Multilingual Data Science. Part 1.

By Yanina Bellini Saibene, Natalia Morandeira

August 30, 2023

Language is a cognitive instrument; it is our vehicle for learning and building our world, and thus it can become a source of exclusion.

“Approximately 64% of Internet content is in English, although only 4.8% of the world’s population speaks English as a first language. If we consider Internet users, almost 3 in 4 cannot understand more than 60% of all web content.”¹

Data science affects many people’s lives globally. This practice uses technological tools developed under global open science, software, and education, but most resources are built and published exclusively in English.

“The predominant language of open source is English—in code, content, and community interactions—and English proficiency is a metric by which performance and personality can be judged.”²

English is the lingua franca for data science, creating a significant barrier for non-English speakers wanting to join the field: We are not allowed to participate if we can’t understand the language.³ The authors have experienced this barrier firsthand, as we both were born in a South American country where the official language is Spanish. Being able to access and use technology and data science is a necessity to adequately teach and research in our careers.

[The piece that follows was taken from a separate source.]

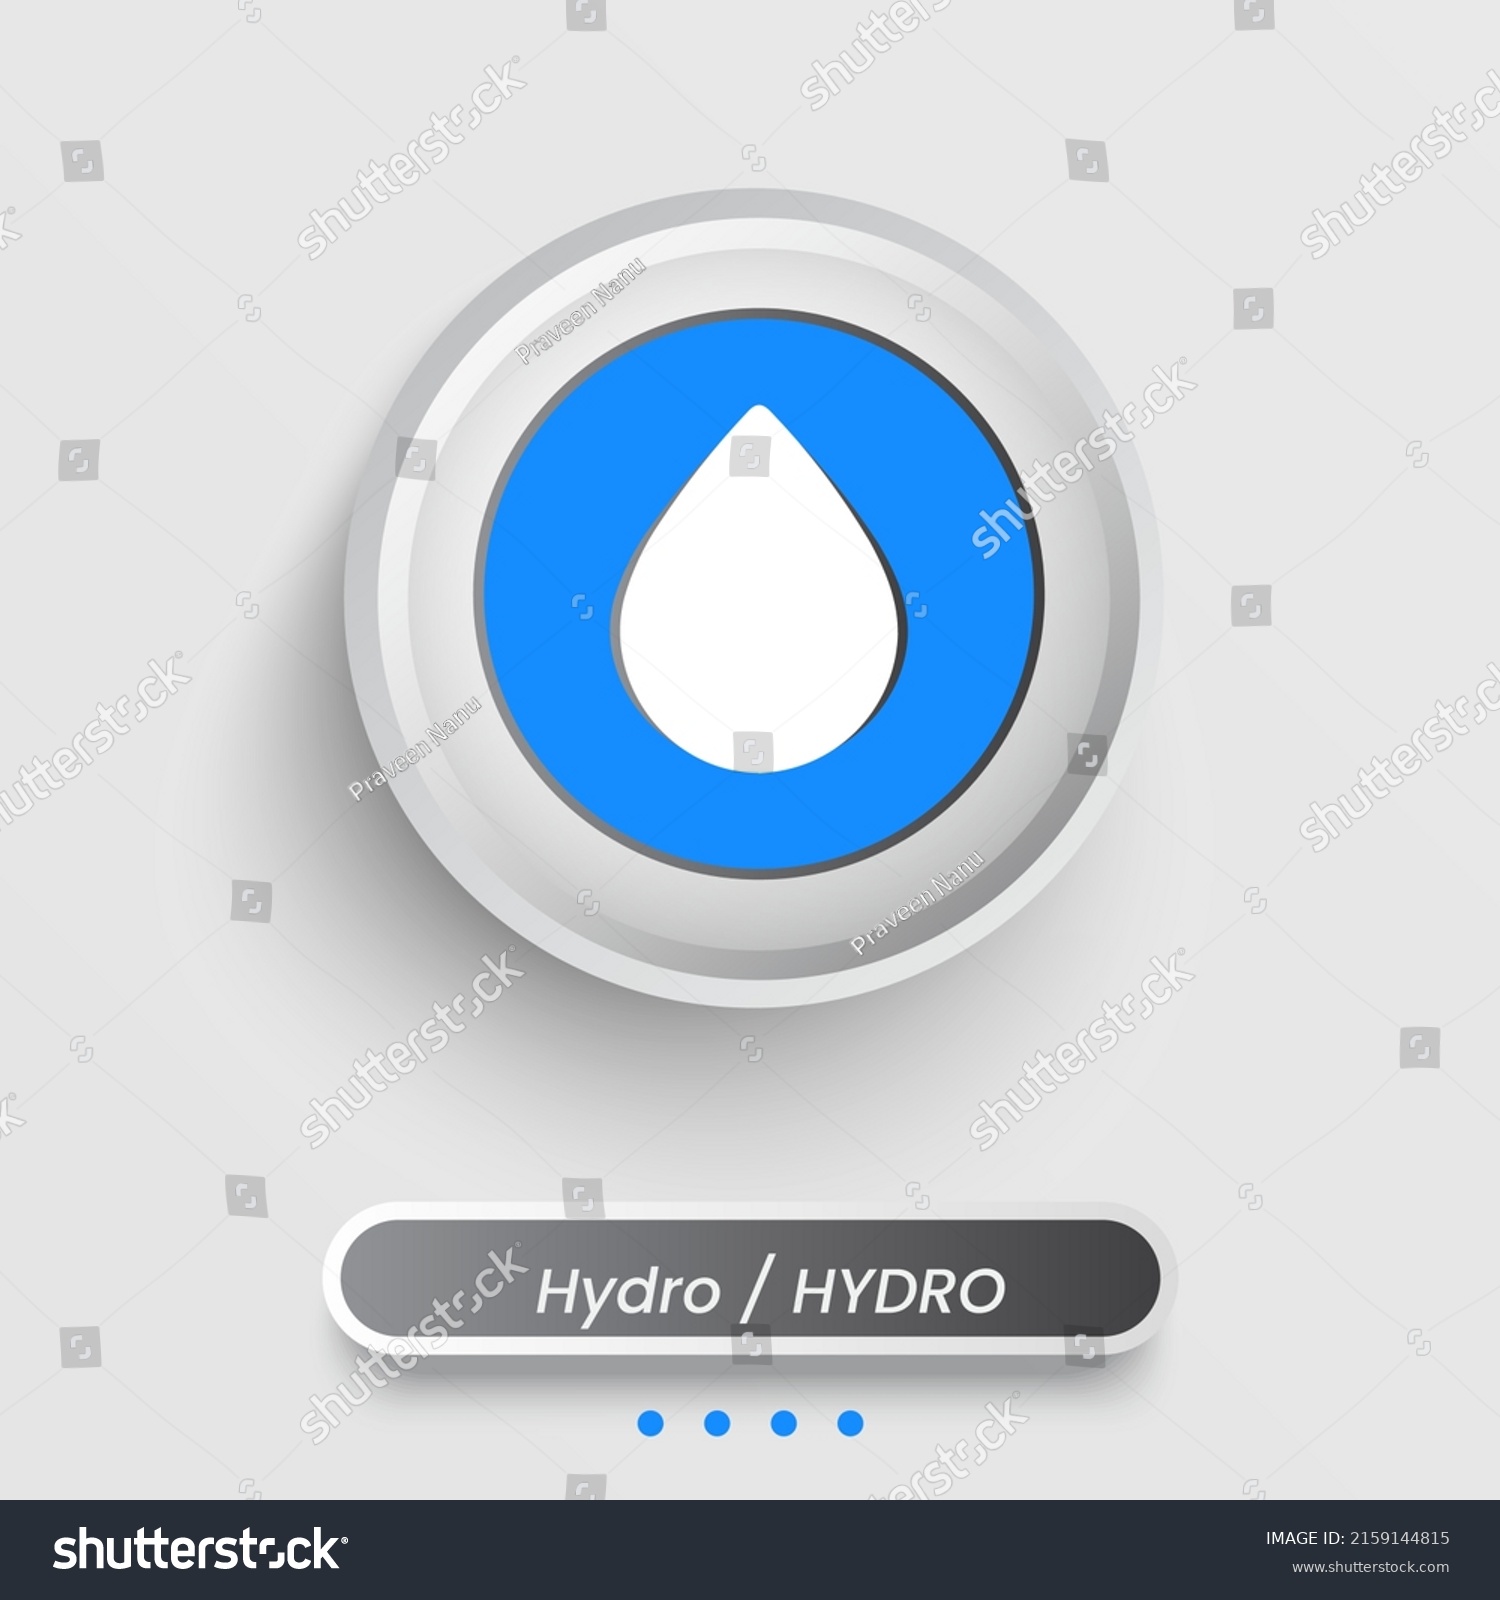 hydro crypto currency

“The use of the English language [. . .] represents a significant trend in the history of programming language design.”⁴

So, what actions can we take when faced with such a situation? We can use our privileges to change it, and that is where community-driven translations come into play. Community Path

Translations function as substitutes for original texts. You use them in place of a work written in a language you cannot read5 or that you have difficulties reading; even if you have proficiency in a second language, learning in a foreign language increases your cognitive load. Translations are one of the efforts we can undertake to create a more diverse field of data science. We know that voluntary and collaborative content creation is possible. Open-source software and Wikipedia are great examples of how each person can do their bit. The primary advantage of working collaboratively is distributing the work (hopefully) among a diverse set of people.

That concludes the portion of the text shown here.